We talked about Dad a bit and walked up to our favorite bookstore on 42nd and then to Bryant Park where we enjoyed the sun.

 Later that night, we played bluegrass until late, jamming to goodbye anthems, So Long its Been Good to Know You and When the roll is calling from Yonder.

 The prophetic words  of the gospel hymn describe a thin line between this word and another.

When the trumpet of the Lord shall sound, and time shall be no more,
And the morning breaks, eternal, bright and fair;
When the saved of earth shall gather over on the other shore,
And the roll is called up yonder, I’ll be there.
When the roll, is called up yon-der,
When the roll, is called up yon-der,
When the roll, is called up yon-der,
When the roll is called up yonder I’ll be there.

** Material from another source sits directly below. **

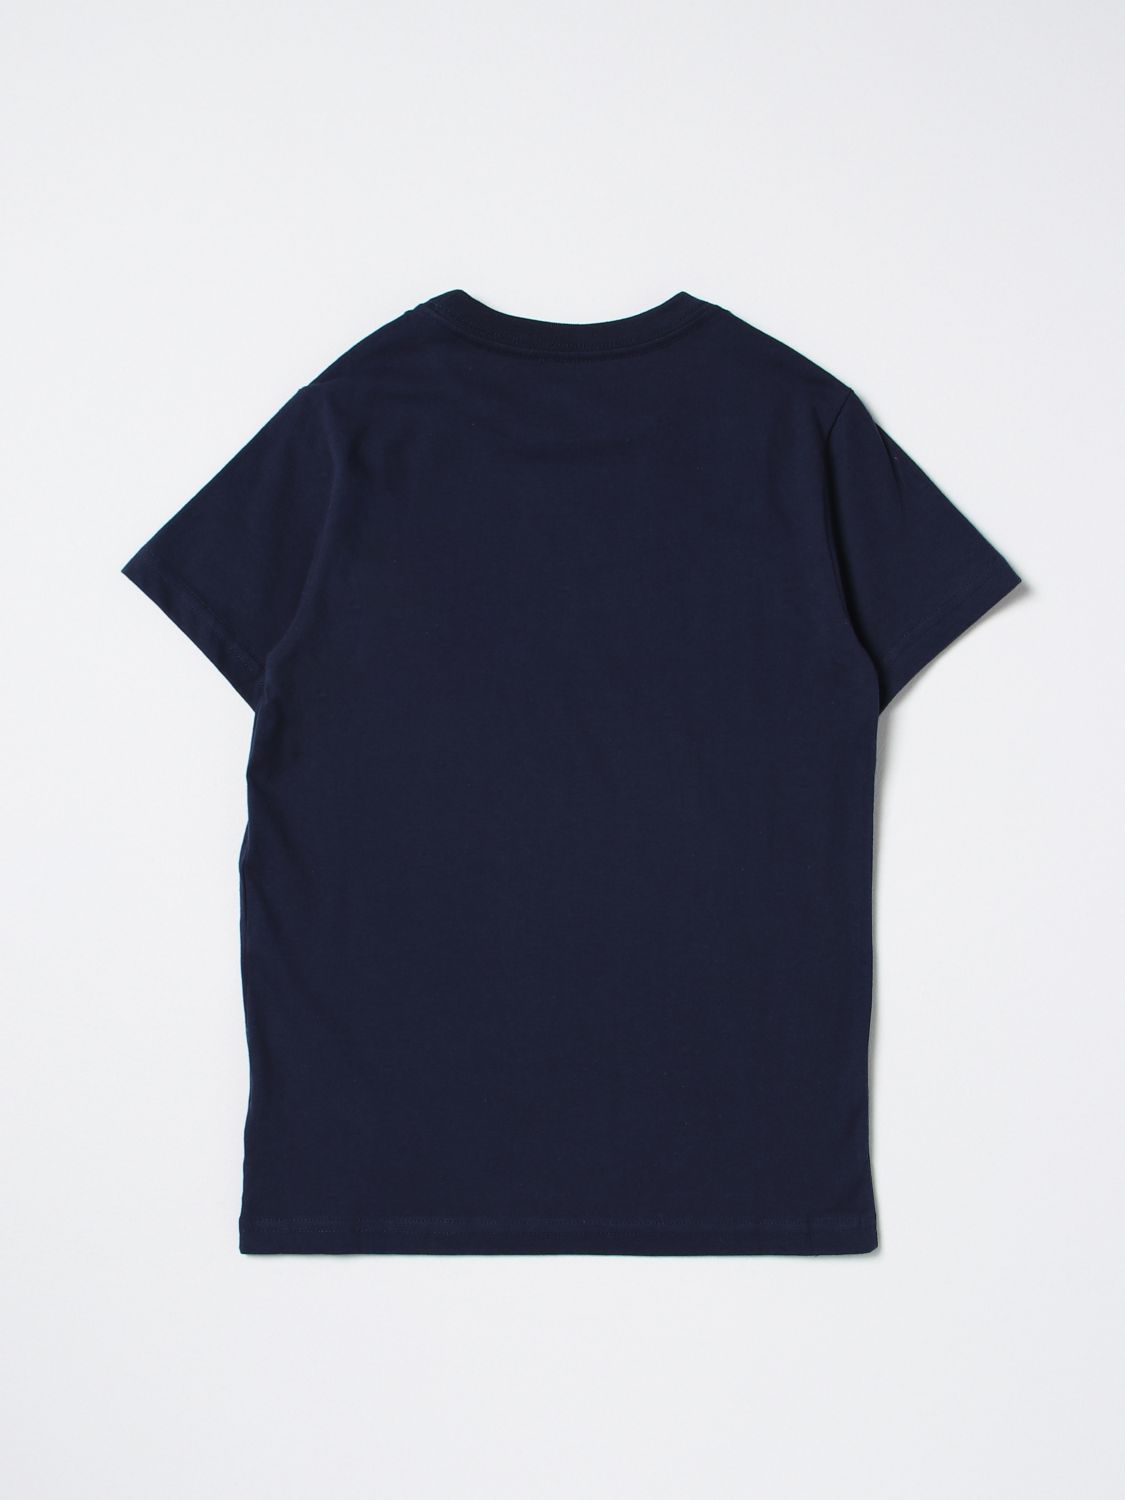 POLO RALPH LAUREN: t-shirt for boys - Navy | Polo Ralph Lauren t-shirt ...

And later we jammed to  I’ll fly away:

Some glad morning when this life is o'er, 
I'll fly away; 
To a home on God's celestial shore, 
I'll fly away (I'll fly away). 

I'll fly away, Oh Glory 
I'll fly away; (in the morning) 
When I die, Hallelujah, by and by, 
I'll fly away (I'll fly away). 

When the shadows of this life have gone, 
I'll fly away; 
Like a bird from prison bars has flown, 
I'll fly away (I'll fly away) 


Just a few more weary days and then, 
I'll fly away; 
To a land where joy shall never end, 
I'll fly away (I'll fly away) 

“They are wanting to fly away because it sucks here,” noted one of the banjo players, as we riffed on bluegrass, memories, southern sensibilities, and the songs marking that luminal space between here and elsewhere.

As the evening went on, we played more and more death and breakup songs, Worried Man Blues.

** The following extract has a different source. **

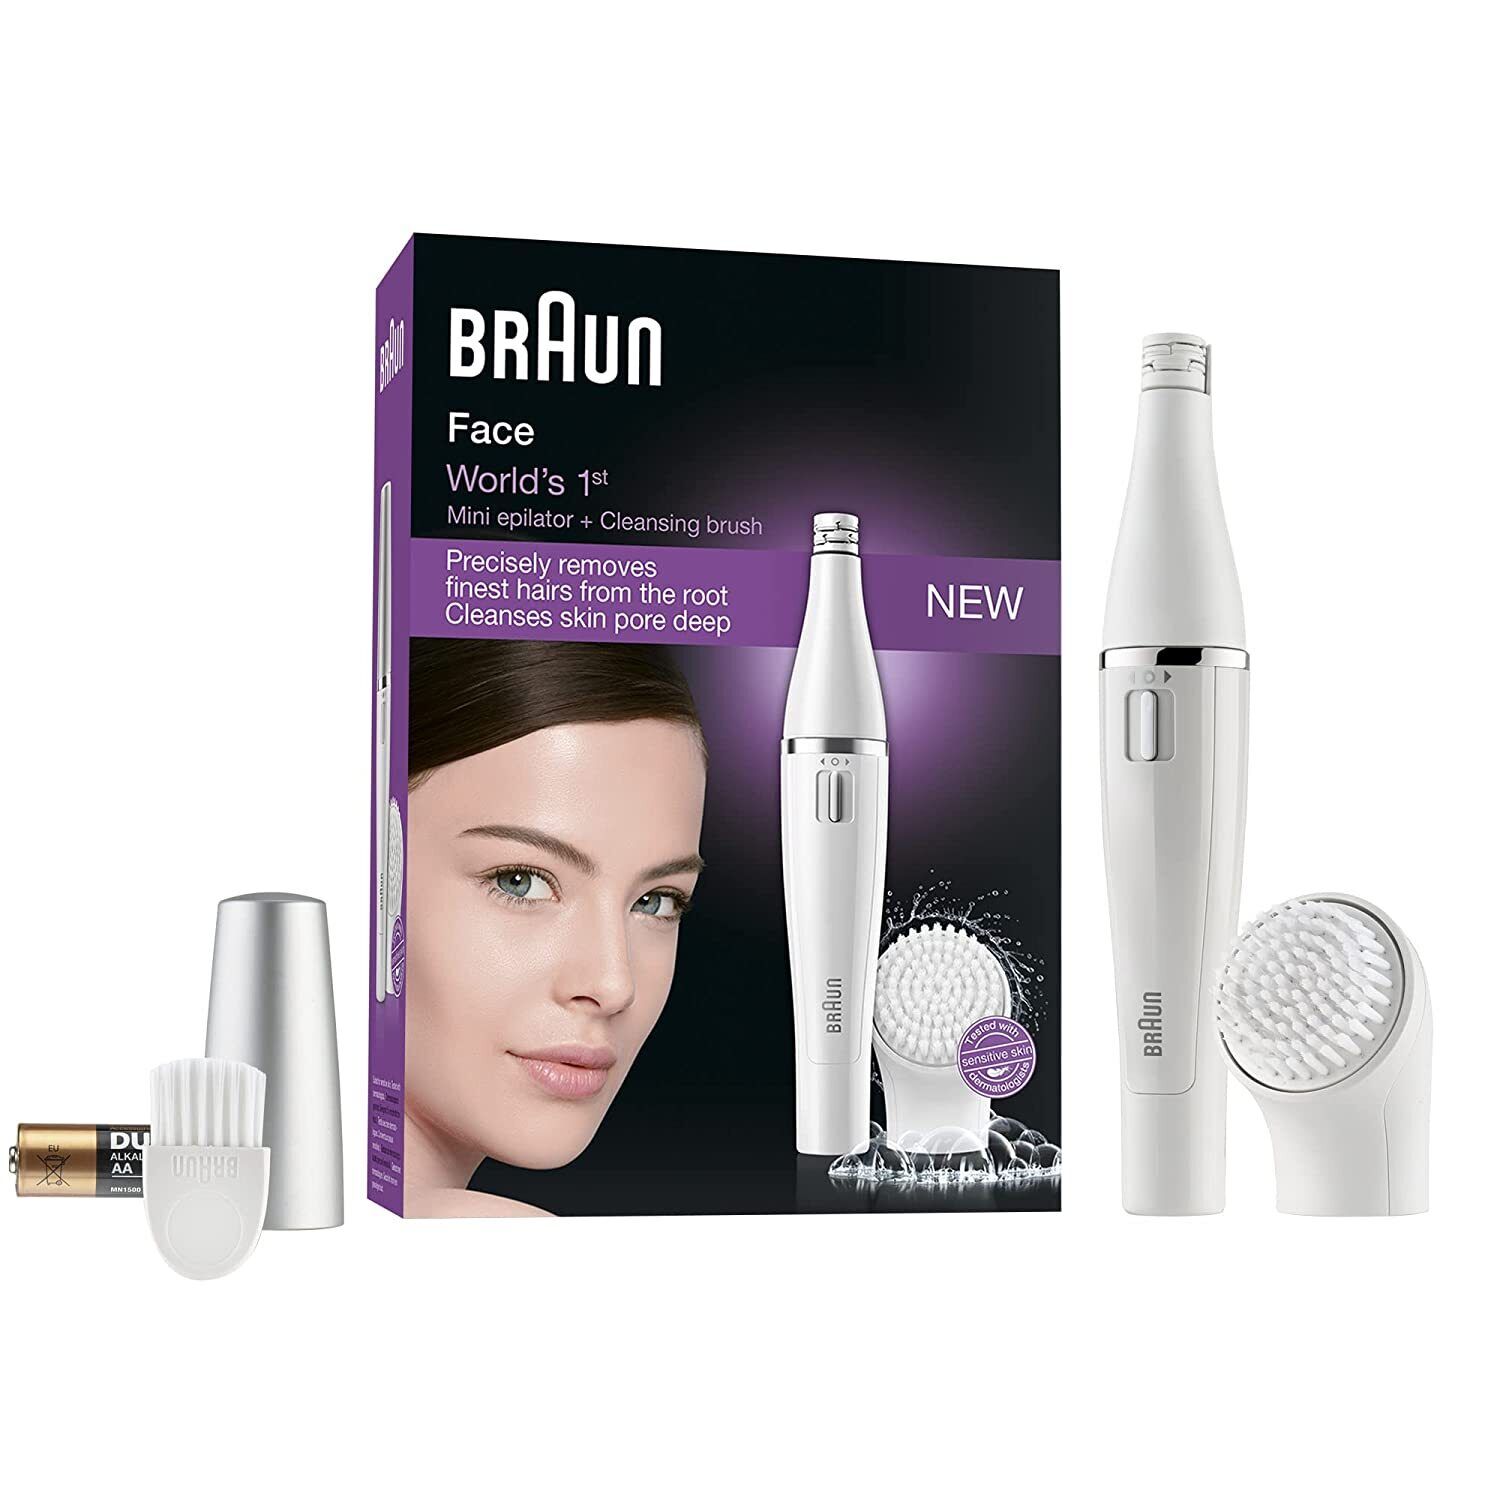 Bourgondië Garderobe Charlotte Bronte Braun Face 810 Facial Epilator & Cleansing Brush with Micro-Oscillations  (White) | eBay

Sunday, the planet was waking up.  We made our way to Judson even thought Sunday school has been more and more about god and religion which worries number two a great deal. But it wasn’t too long before enjoying lunch and a trip out for garden clean up and work days.  The whole city seemed alive with artists, gardeners and everyone else enjoying the sunshine.

The gardens looked majestic.  Cats rolled in the sun, as we played and raked, hung out and cleaned in the realm of the living with the thoughts of the others, of the matt powers,  Michael Shenker, never far behind, walking through the majestic city, through my favorite gardens and streets, looking at what they tell us.

Back home, number two asked if she could listen to the sea from the conch shell I have sitting on my bookshelf.  The image of my Dad and I eating lunch in Galveston Tx and Dad purchasing that silly shell from years ago came to mind.  You never know when those silly memories are going to be some of the last you have with them. The finality of these moments, the sudden period mark on a memory is jarring. Number two and I sat with our ear to the shell, listening to the seagulls from Galveston, the water hitting the beach.
After dinner, the three of us cleaned up, putting out the fermenting food waist compost to decompose in the dirt.

it’s to save the world, explained number two, recognizing the cycles of regeneration around us. 

She was probably right.  Decompose, recompose as something else takes shape, a flower growing in the dirt in these first warm days of spring among the living, the ghosts, and their memories.